Capital Markets

Equity’s buyout of collapsed broker causes a stir at NSE


Some of the small investors who had put their money in the collapsed Francis Thuo stockbrokers demand redress at the Nairobi Stock Exchange in 2009. Photo/File

Equity Bank’s acquisition of stockbroker Francis Thuo & Partners was concluded amidst stiff resistance by other market intermediaries fearing domination and loss of business from the lender, it has emerged.

Equity, which is Kenya’s largest lender by the number of customer accounts, has been negotiating the acquisition in the past few weeks amid stiff resistance from other brokers with an interest in the bank’s stock market portfolio.

People familiar with the transaction said Equity Investment Bank, a subsidiary of Equity Bank, had acquired Francis at a price of Sh150 million.

Commercial Bank of Africa (CBA) Capital is said to have paid a similar amount for a seat at the Nairobi bourse.

At Sh150 million, Equity’s entry to the Nairobi Securities Exchange (NSE) is Sh100 million less than the Sh250 million what Rennaissance Capital paid for a seat at the bourse at the peak of a bull run in 2007. 

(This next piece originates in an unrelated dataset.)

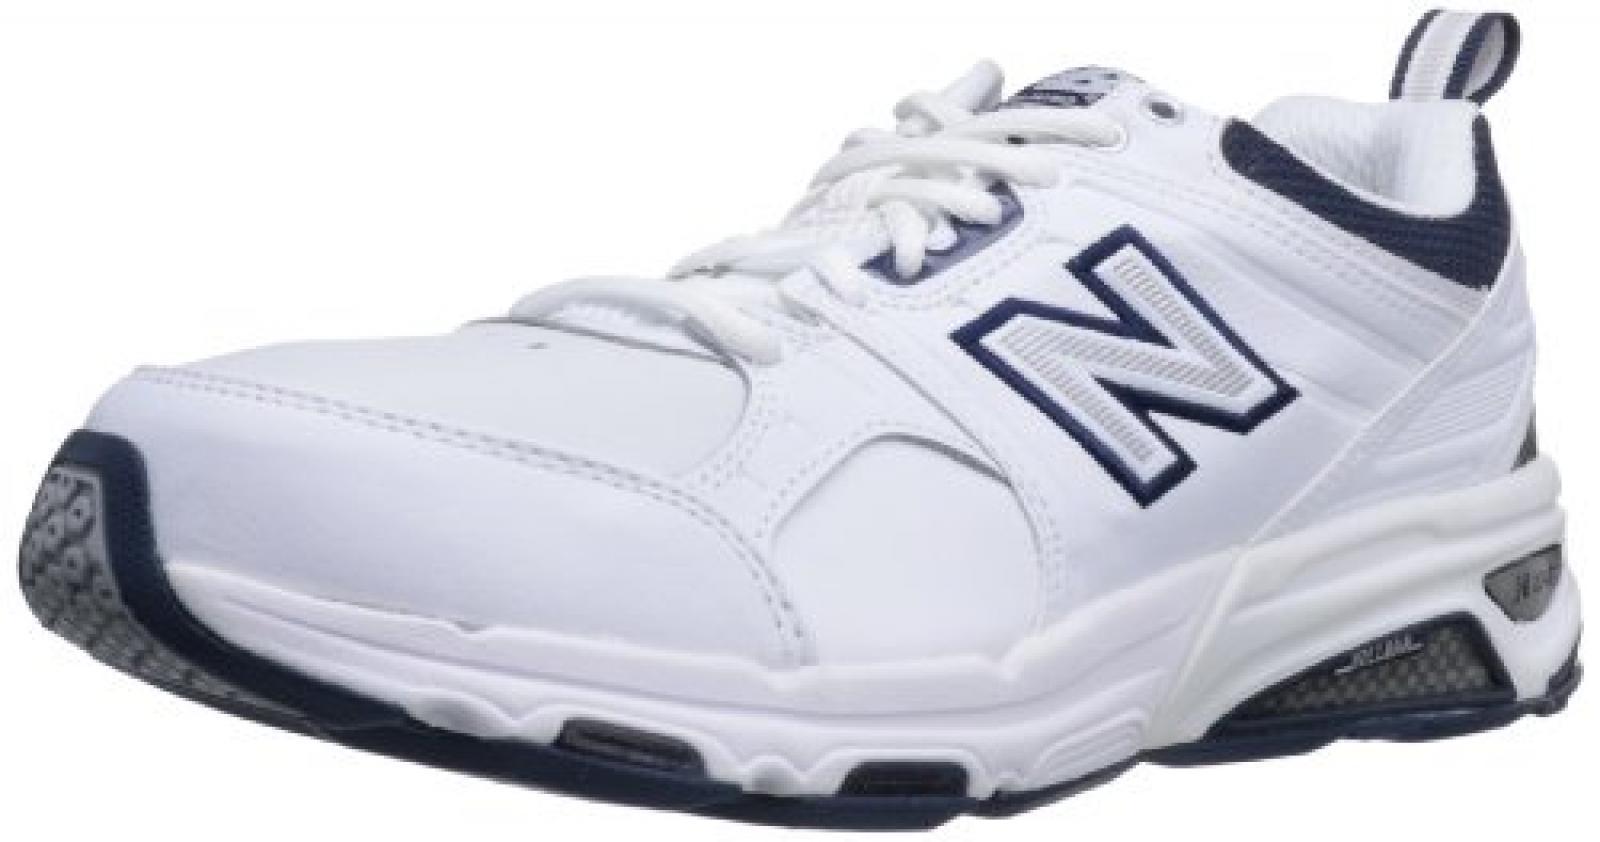 New Balance , Herren Laufschuhe, - White with Navy - Größe: 46

Francis Thuo is the broker that collapsed under the weight of illiquidity in 2006 and has recently fought protracted legal battles with the NSE to retain the seat it has now sold to Equity Bank.

(READ: Defunct Francis Thuo wins battle for stake in NSE)

Equity Bank chief executive James Mwangi did not answer calls or reply to e-mail messages on the sale.

Equity’s interest in a brokerage licence is linked to its control of the largest bank customer base seen as offering it a head-start in stock market mediation.

Mike Rubia, a director at Francis Thuo & Partners, confirmed that the deal was at an advanced stage and was only awaiting certain approvals.

Mr Rubia said the owners of Francis Thuo & Partners had retained a minority stake in the brokerage – meaning Equity has only acquired a majority stake but not the entire company.

Stock market insiders, who declined to be named because of the sensitivity of the matter, said Equity’s acquisition of Francis Thuo had met stiff resistance from rival brokers who felt that Equity Bank’s branch network and customer base would give it unrivalled power in the market.

Equity’s investment arm has been an agent for four or five brokers – a multi-million shilling business that they now stand to lose.

“There was a feeling that the investment bank could become a monopoly in the market if allowed to enter the trading floor.

The NSE management is however said to have considered the market’s long term interests arguing that the bank could use its large customer base to recruit new investors for the bourse.

The brokers’ sensitivity to the sale was apparent in the NSE’s Monday statement that announced Equity’s entry into the market.

(READ: Equity’s broker licence signals shake up of stock market)

NSE vice-chair Bob Karina said the exchange had considered the mass market platforms of Equity and CBA in awarding them trading licences.

“CBA Capital intends to leverage on the M-Shwari customer base to provide local and regional access to Kenya’s capital markets,” Mr Karina said.

“The Equity brand is associated with the empowerment of the unbanked and the poorly banked segments of the population it could use to help expand the market.” Equity Bank had over 8.2 million customers in Kenya alone by the end of last year.

When the NSE goes for self-listing later this year, Equity is expected to leverage on the large number of account holders to ensure the success of the initial public offering (IPO).

In a separate interview, investment advisor Andrew Franklin agreed that the award of a brokerage licence to CBA Capital would advance use of M-Shwari platform to link investors to the NSE.

But Mr Franklin wondered whether there was still much business to be done at the exchange, noting that international investors had declined and there are still limited new share offerings.

CMA data shows that net cash flows from foreign investors dipped to Sh2.6 billion in June compared to Sh3.0 billion in April and Sh3.5 billion in May. There are 62 companies listed on the NSE.

A source said the admission of new players to the bourse was intended to rid the exchange of the image of a closed shop that is in the hands of a cartel.

The head of product and marketing at the NSE, Donald Ouma, admitted that a transaction had taken place between Equity Bank and Francis Thuo & Partners but stressed that it was a deal in which the exchange had little information.

“Negotiations were done by the two partners and so we were not directly involved. We don’t even know about the price they agreed,” said Mr Ouma insisting that the price would not be a reflection of the value of the exchange.

The NSE is in the process of demutualisation that seeks to separate its ownership from the trading rights. The goal is to retain the trading rights with brokers but allow other owners to come on board.

The entry of CBA Capital brings to 23 the number of trading participants at the bourse.

The brokers have agreed to reserve a 10.2 per cent stake to the government and retain the rest, completing a long-awaited shareholding negotiation process.

Head of CBA Capital Kathure Githinji-Nyamu did not respond to our request for a comment. Commercial Bank of Africa is associated with the family of President Uhuru Kenyatta.